Как обычно, мы предлагаем проявить творчество, используя техники наиболее близкого вам подхода. Важен результат: соединенность клиента с ресурсными проявлениями родительских фигур, возможность на этой основе сформировать устойчивый позитивный образ «я», примирить свои внутренние части, обрести целостность.
Ребенок занял место отца в семье: «вместо папы?»
Нарушение семейной иерархии проявляется в том, что ребенок занимает папино место в семейной системе. Это случается, когда отец исключен из семейной системы: ушел, умер или психологически отсутствует. Причем на место «эмоционального супруга» своей матери могут попадать как мальчики, так и девочки. Дети при этом могут быть очень успешны в социуме, много зарабатывать.
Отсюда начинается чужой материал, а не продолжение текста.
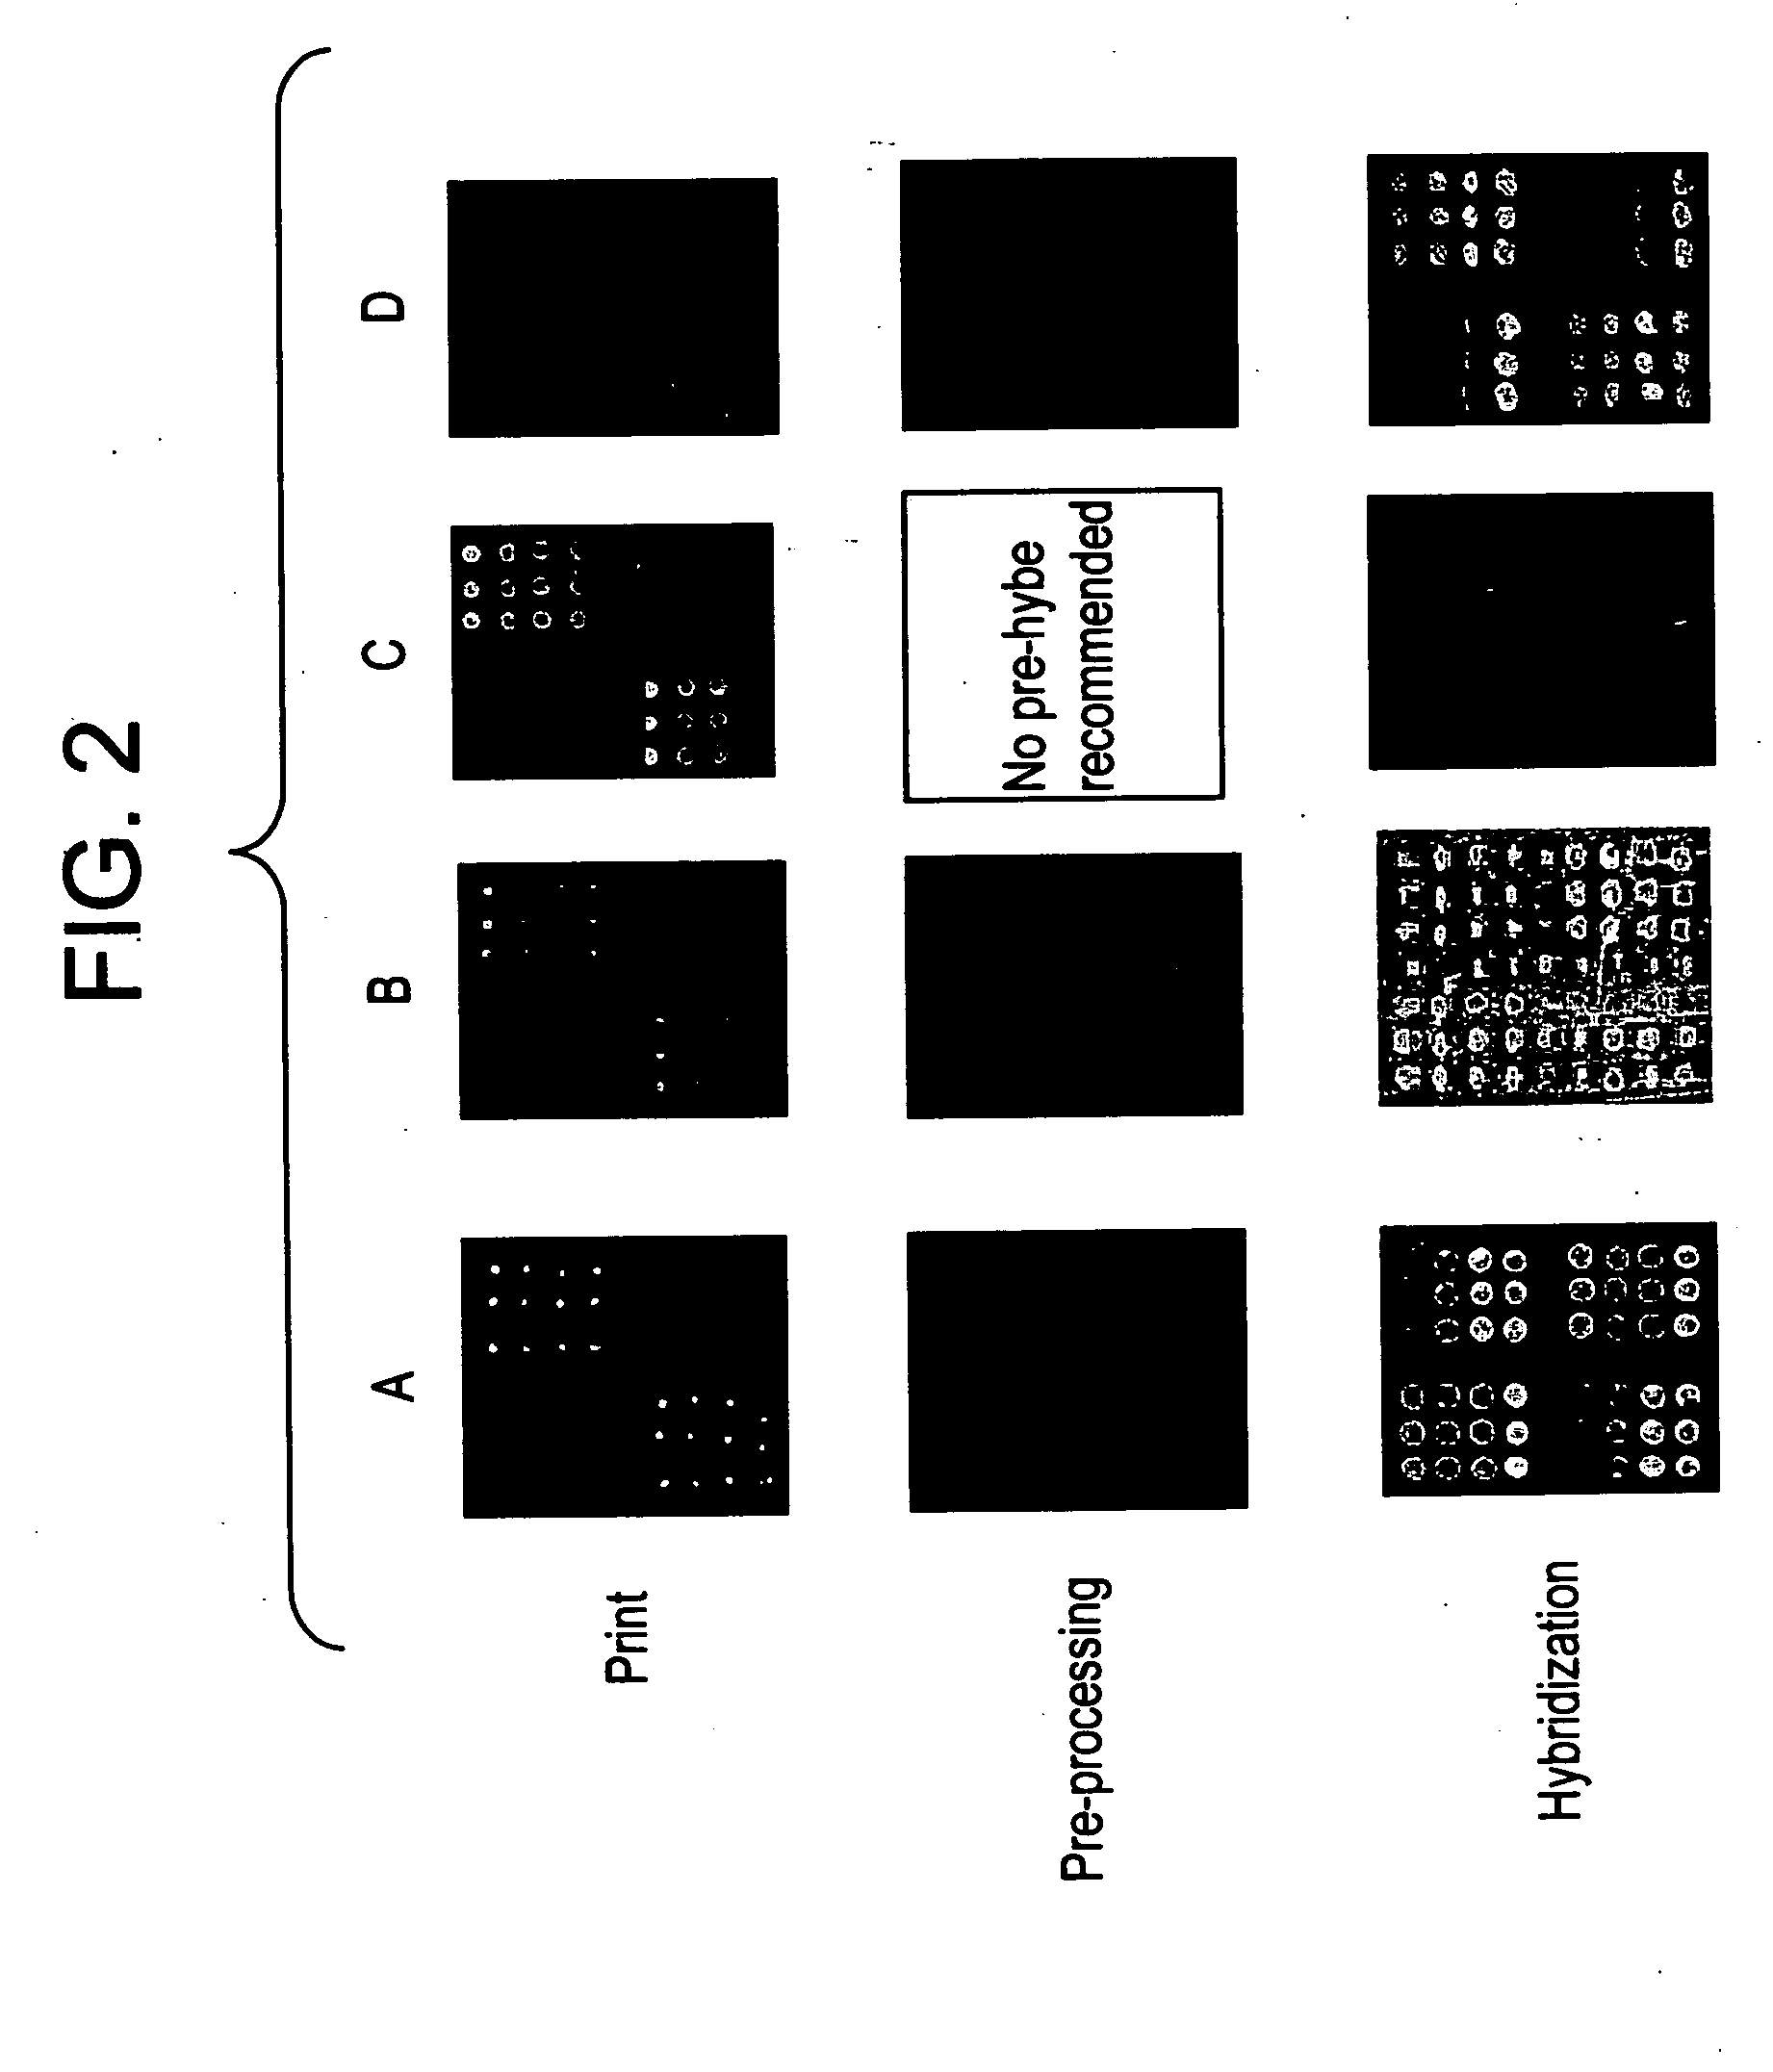 Reagent systems for biological assays

Замечено, что на это место проще попасть старшим детям, поскольку родители автоматически возлагают на них ответственность за младших детей. Единственные дети также легко смещаются на место отсутствующего отца, поскольку к ним предъявляется много родительских ожиданий и проекций: «На тебя вся моя надежда, я в тебя столько вложила!», им проще попасть в симбиотические отношения: «Ты у меня один остался!»
Как правило, в эту позицию попадают дети от 5 до 12 лет, на которых уже можно переложить часть обязанностей и ответственности. Проблема в том, что уровень ответственности, которую складывают на этих детей, несоразмерен с их возможностями в данном возрастном периоде. У них нет ни ресурсов, ни полномочий, чтобы справляться с такой нагрузкой. Например, пятилетнего ребенка заставляют заботиться о младенце и наказывают, когда он не справляется. Или мать говорит сыну: «Ты теперь глава семьи, за отца». Или делится с дочерью трудностями отношений с отцом, транслируя мысль «ближе тебя у меня никого не осталось».
На место отца в семье проще попасть старшим детям: родители автоматически возлагают на них ответственность за младших. Единственные дети также легко смещаются на место отсутствующего отца, поскольку к ним предъявляется много родительских ожиданий и проекций.
Взрослых, которые продолжают замещать отца в семье, можно определить по следующим признакам. Во-первых, они гиперфункциональные: очень ответственные, контролирующие, пунктуальные, сверхзаботливые, часто перфекционисты. Такие качества нередко способствуют их социальному, карьерному успеху. И в процессе консультации вы обратите внимание на их чрезмерную активность: психологу трудно будет вставить слово, они много знают сами и много чего делают самостоятельно, отвергают помощь.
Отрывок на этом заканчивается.